Domestic team information
- 1994/95: Queensland
- 1997/98–1999/00: Victoria

Career statistics
| Competition | First-class | List A |
| Matches | 3 | 16 |
| Runs scored | 60 | 54 |
| Batting average | 10.00 | 10.80 |
| 100s/50s | 0/0 | 0/0 |
| Top score | 16 | 23* |
| Balls bowled | 342 | 412 |
| Wickets | 0 | 9 |
| Bowling average | – | 45.77 |
| 5 wickets in innings | – | 0 |
| 10 wickets in match | – | 0 |
| Best bowling | – | 3/21 |
| Catches/stumpings | 0/– | 4/– |
- Source: CricketArchive, 10 November 2012

= Shawn Flegler =

Australian cricketer

Shawn Leonard Flegler (born 23 March 1972) is a former Australian cricketer who played domestically for Queensland and Victoria during the 1990s.

Born in Darwin, Northern Territory, Flegler grew up in Queensland, and played for the state at under-17, under-19, colts, and second XI level, as well as attending the Australian Cricket Academy. He made his first-class debut during the 1994–95 Sheffield Shield, playing for Queensland against New South Wales in November 1994 in what was to be his only appearance for the state team. Playing as an all-rounder who bowled slow left-arm orthodox spin, Flegler spent the 1995 and 1996 English cricket seasons playing for the Lowerhouse Cricket Club in the Lancashire League, as the club's designated professional. He scored the most runs and took the most wickets in both of the seasons he spent at the club.

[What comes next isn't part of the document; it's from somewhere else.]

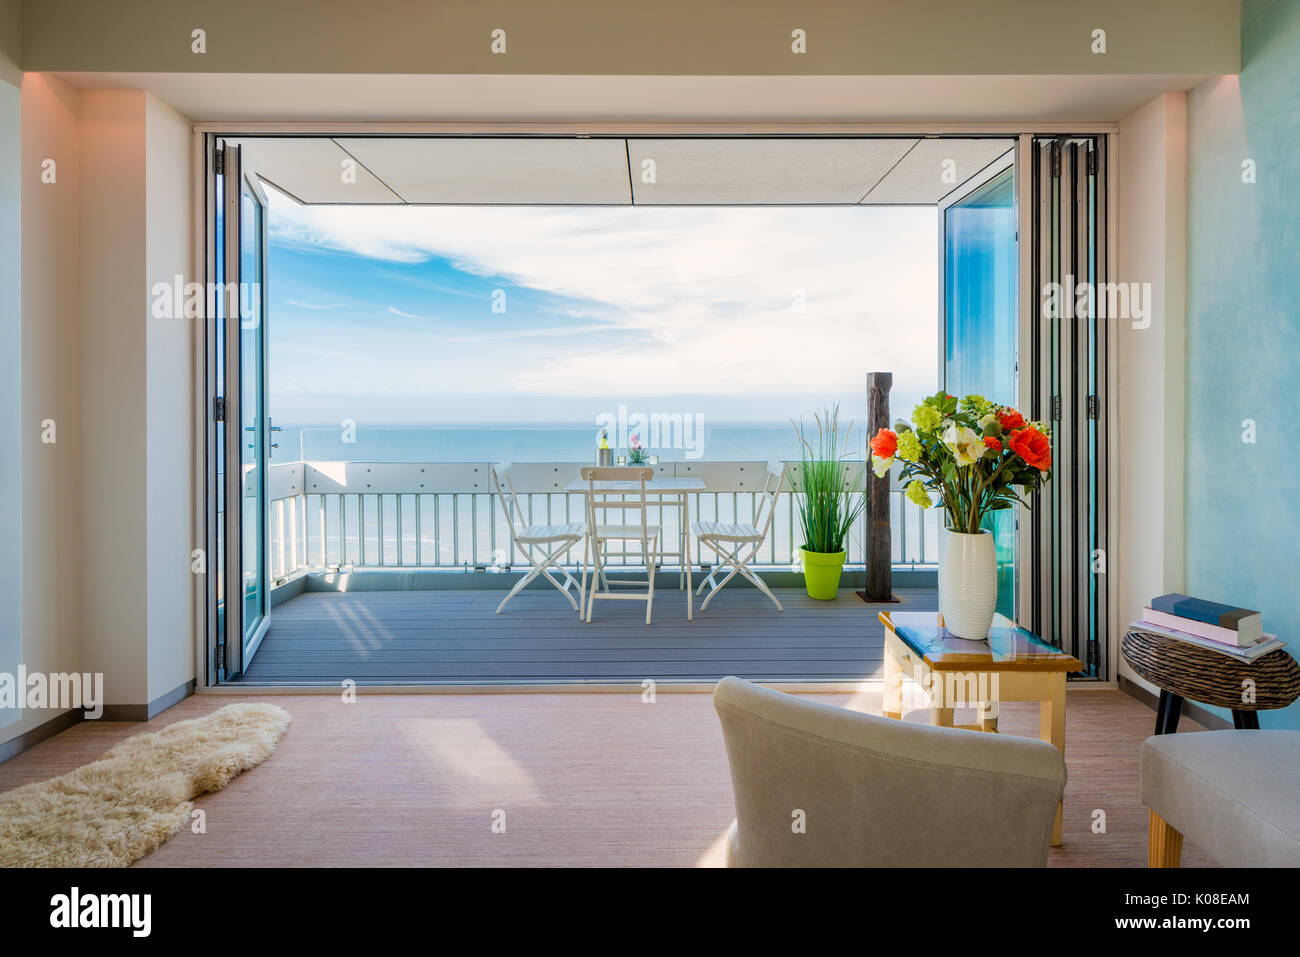 Appartement moderne avec balcon avec vue sur mer Banque D'Images

Flegler transferred to Victoria for the 1997–98 Australian cricket season, and debuted for the Victorian cricket team in the 1997–98 Mutual Mercantile Cup. Although he only played first-class matches twice, both during the 1997–98 Sheffield Shield, Flegler regularly played limited overs matches for Victoria in the 1997–98, 1998–99, and 1999–2000 seasons, including in the team that won the 1998–99 competition. His last game for the state was in December 1999, against Western Australia. At grade cricket level, Flegler continued to play for University. In 2001 and 2002, he also played several games in Canada and Ireland as the professional for the Vancouver-based North Shore Cricket Club and the Dublin-based Merrion Cricket Club.

After his retirement from playing, Flegler was recruited by Cricket Victoria as a development coach, serving variously in roles at the Cricket Victoria Academy and the Victorian High Performance Academy. Flegler was the coach of the state under-23 side in the Futures League, and was Female High Performance Manager and Chair of the Women's National Selection Panel at Cricket Australia.